→ **DATA SECTION**:
"""
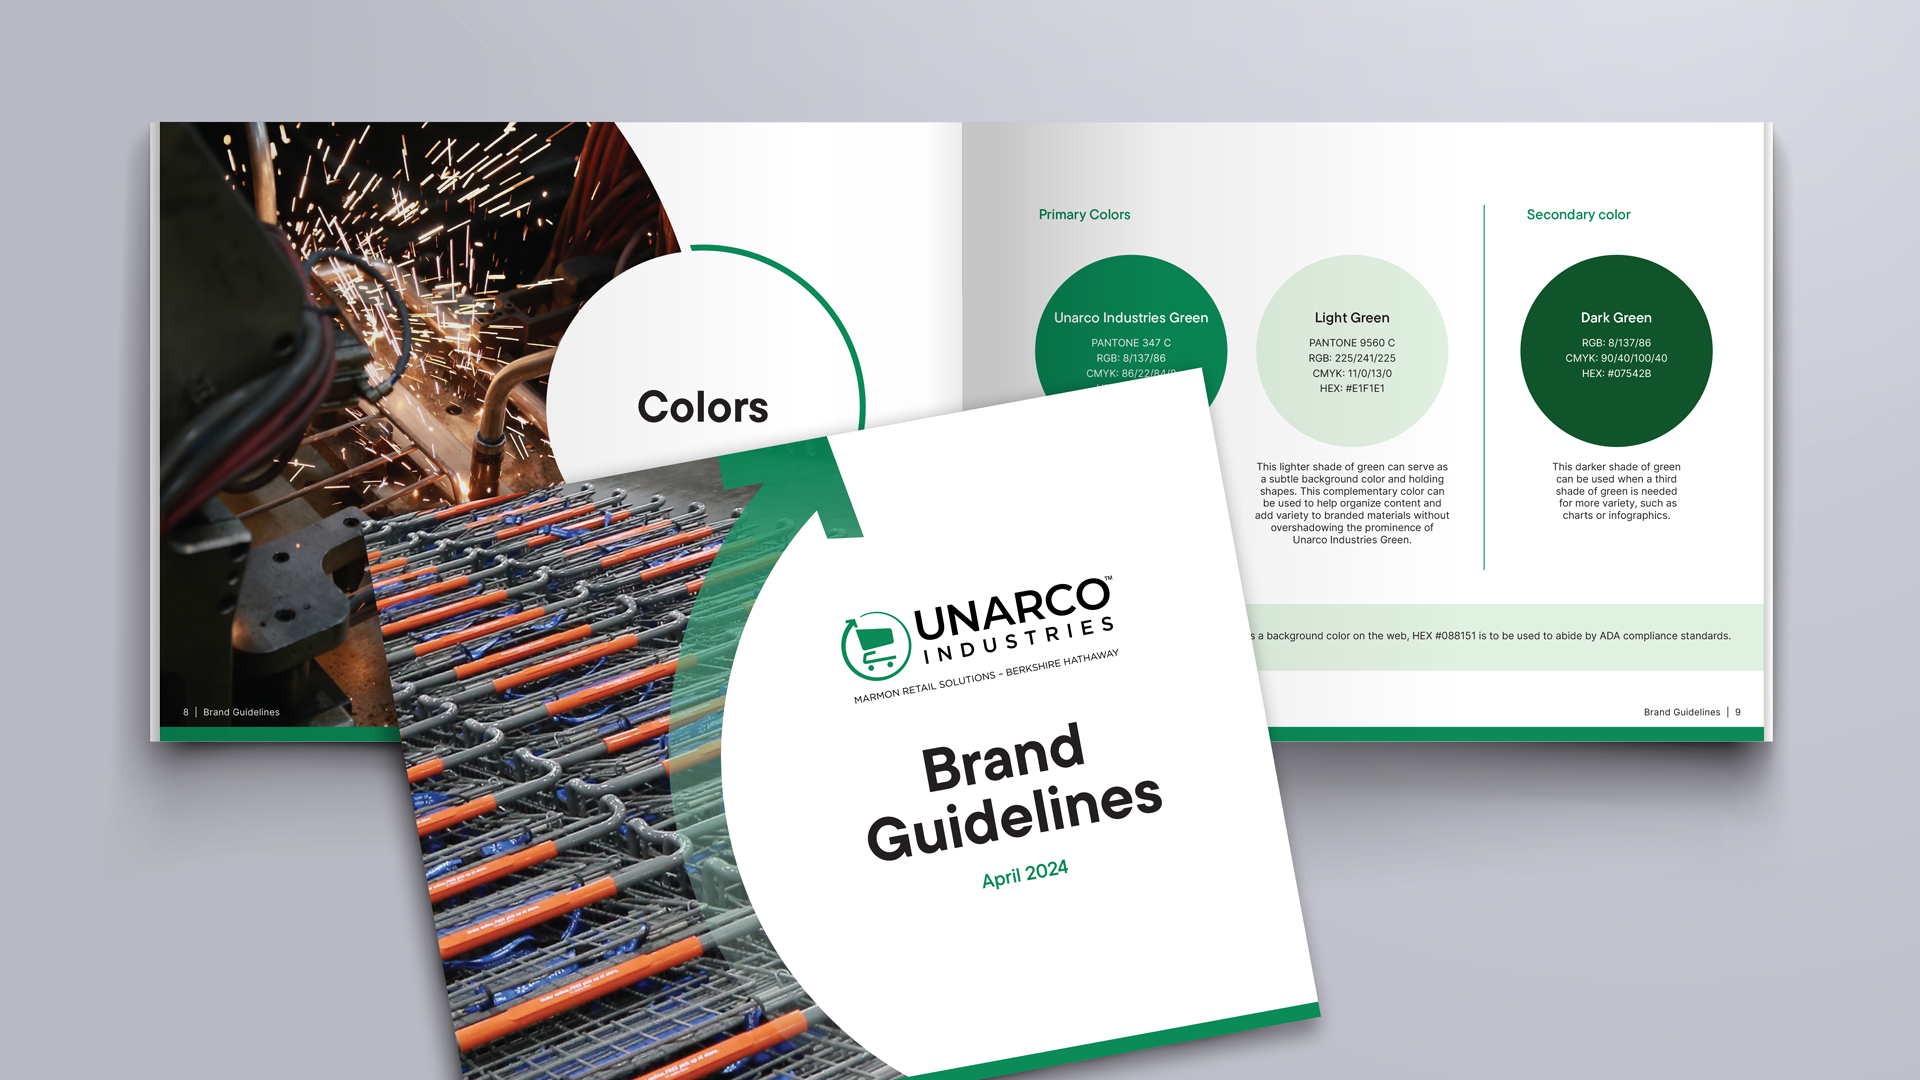 Unarco Industries brand guidelines
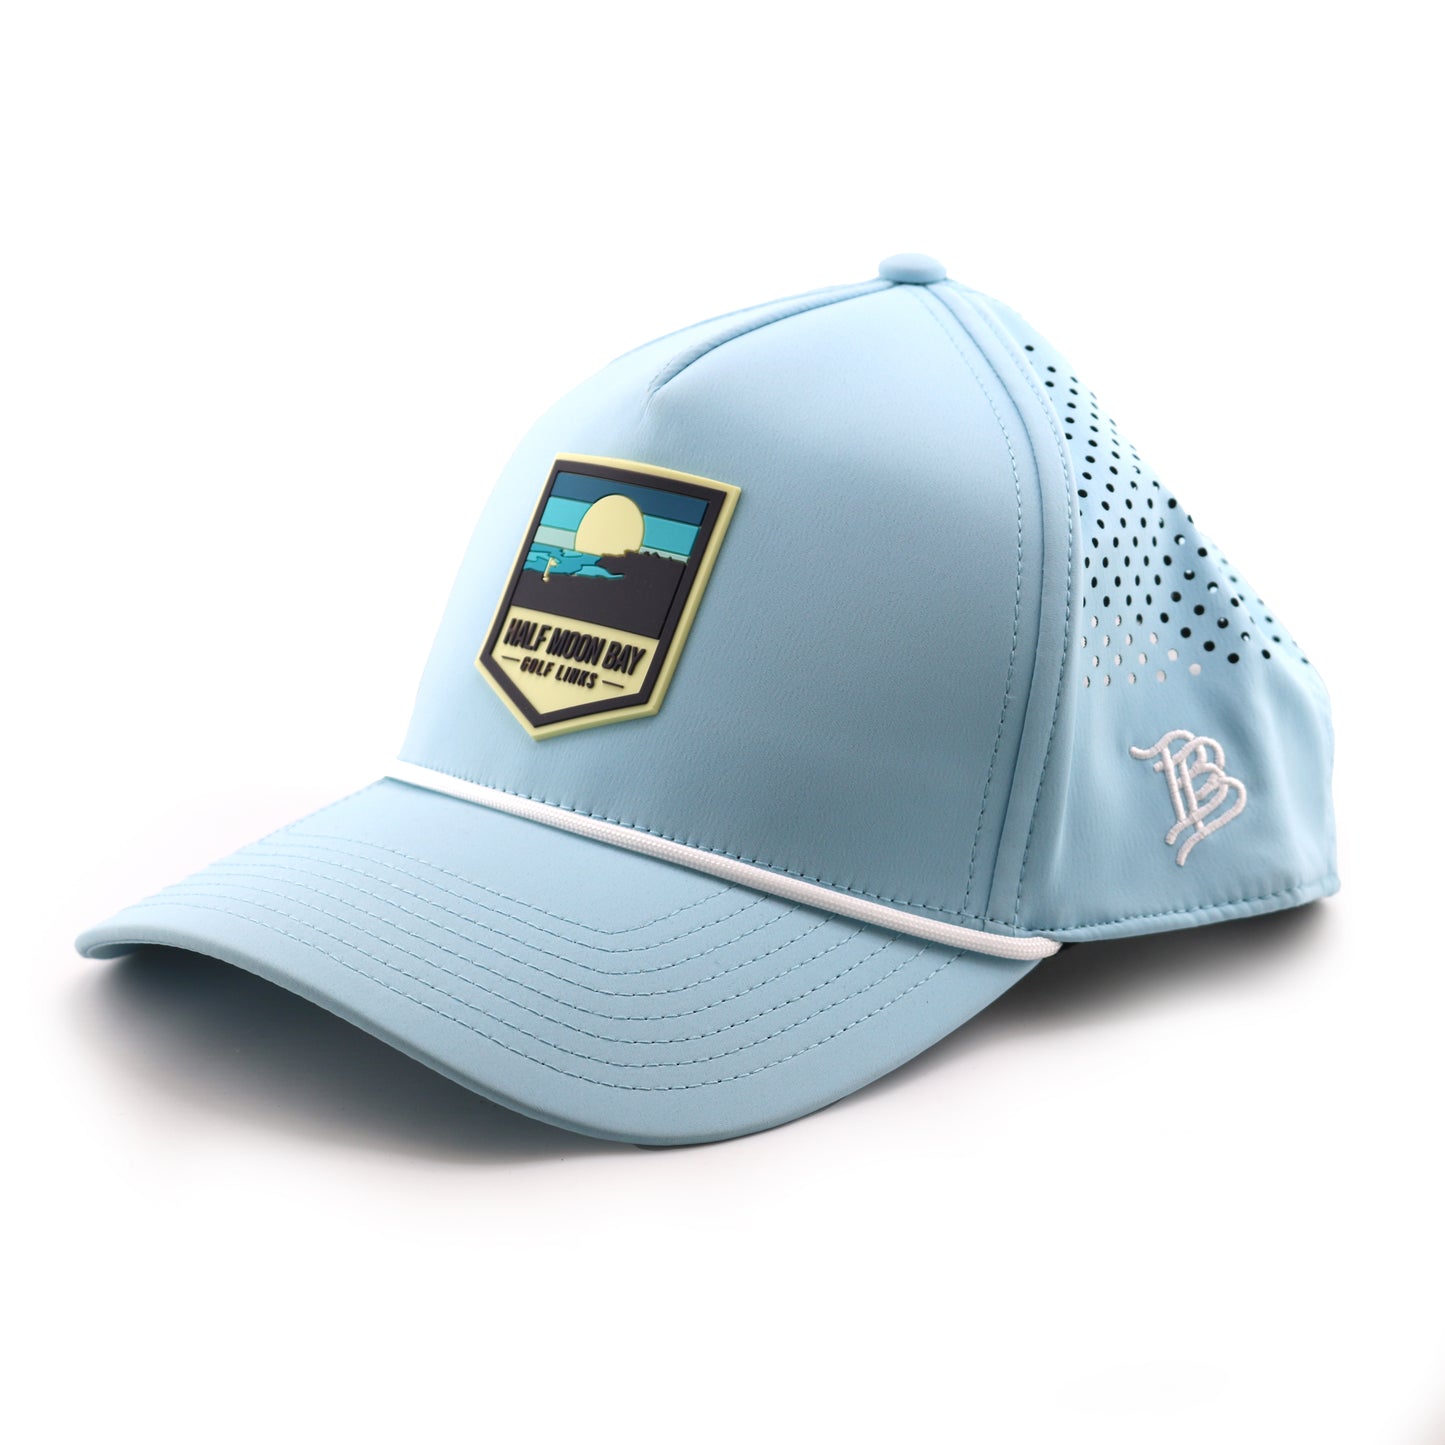 Branded Bills Half Moon Bay Golf Links hat
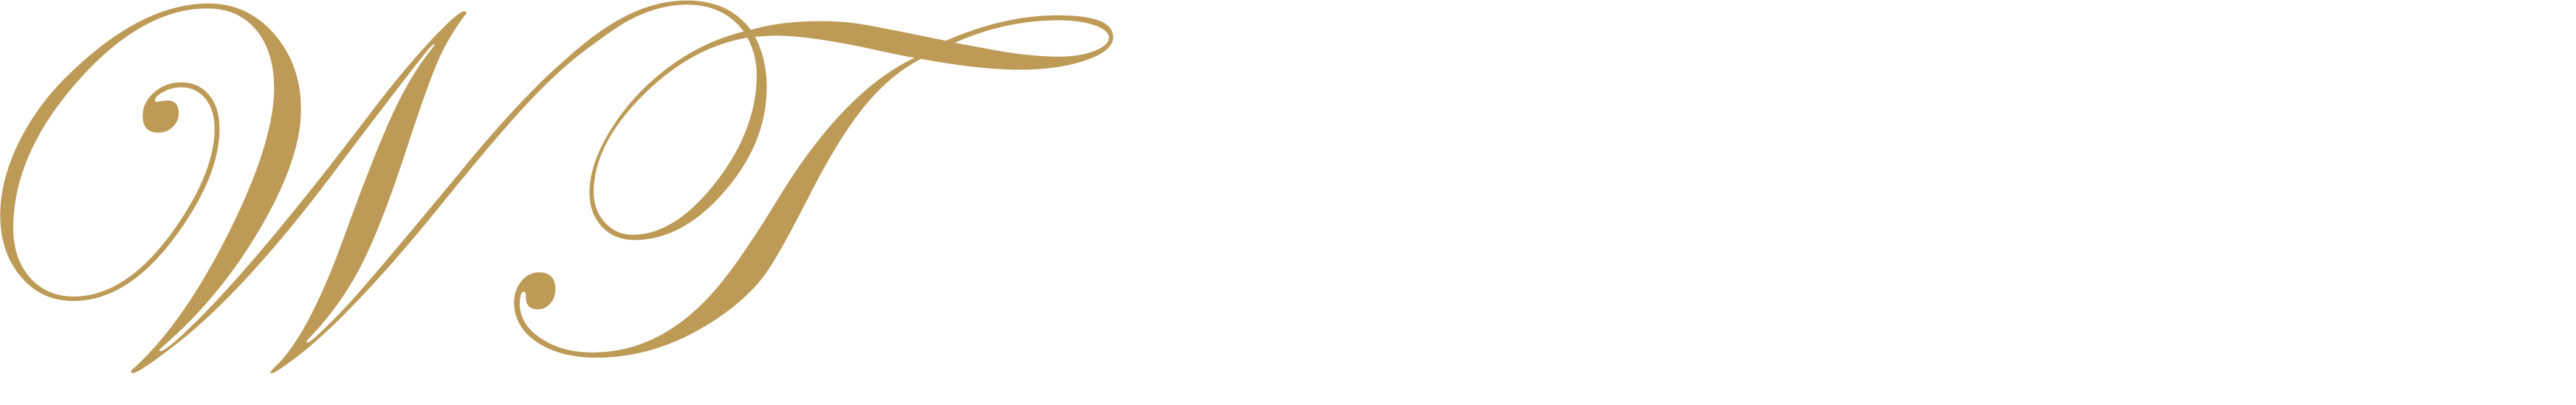 Wills & Trusts Wealth Management
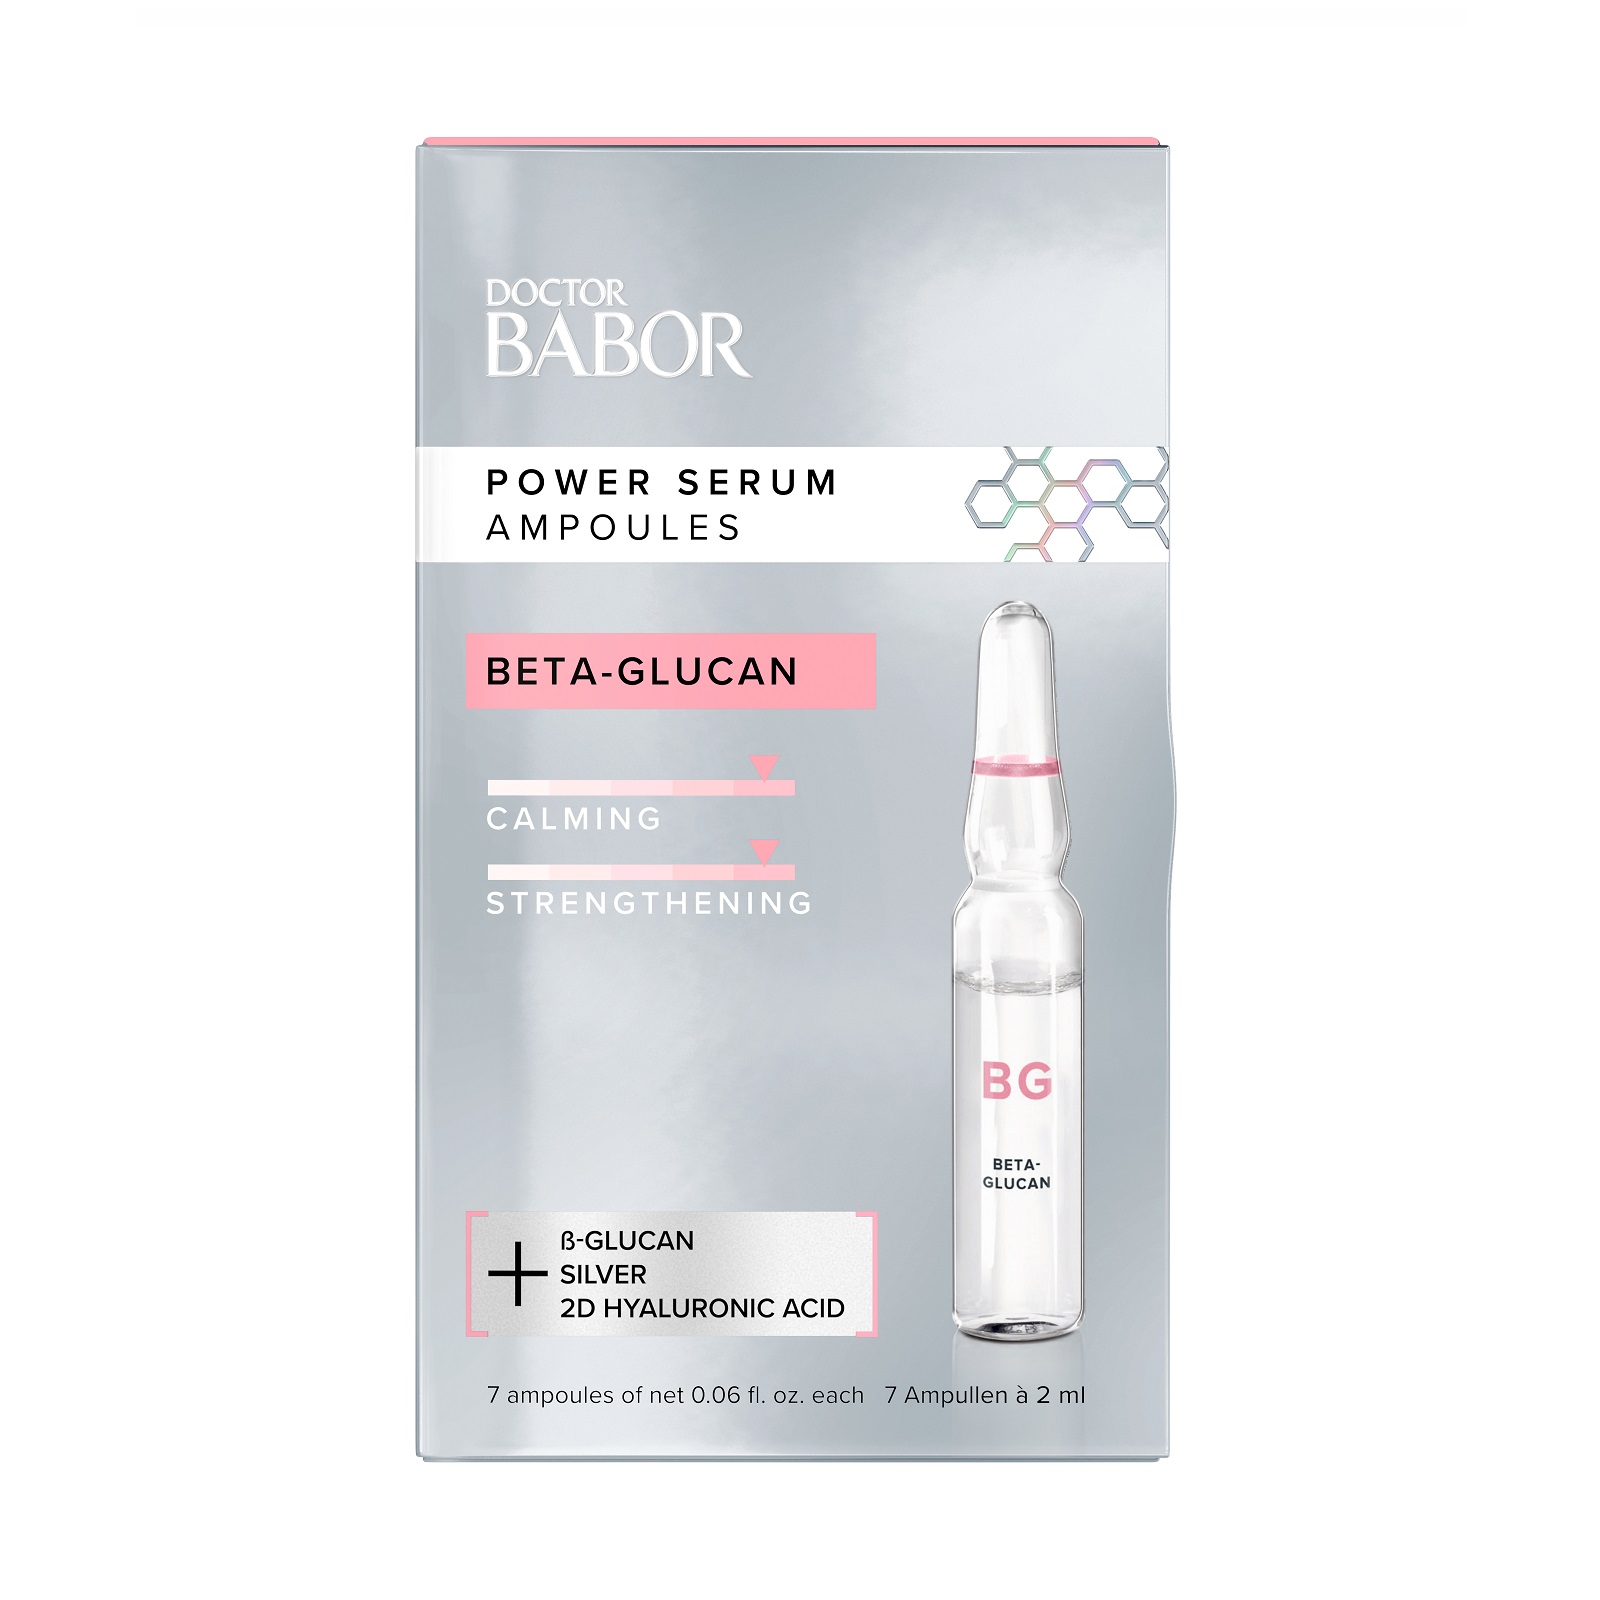 Dr. BABOR Power Serum Ampoules BETA-GLUCAN
"""
→ **WHAT YOU ARE ASKED TO DO**: What is needed is a word-for-word copy of the data above, free of any images.

→ **SOLUTION TO THIS PROBLEM**:
 Unarco Industries brand guidelines
 Branded Bills Half Moon Bay Golf Links hat
 Wills & Trusts Wealth Management
 Dr. BABOR Power Serum Ampoules BETA-GLUCAN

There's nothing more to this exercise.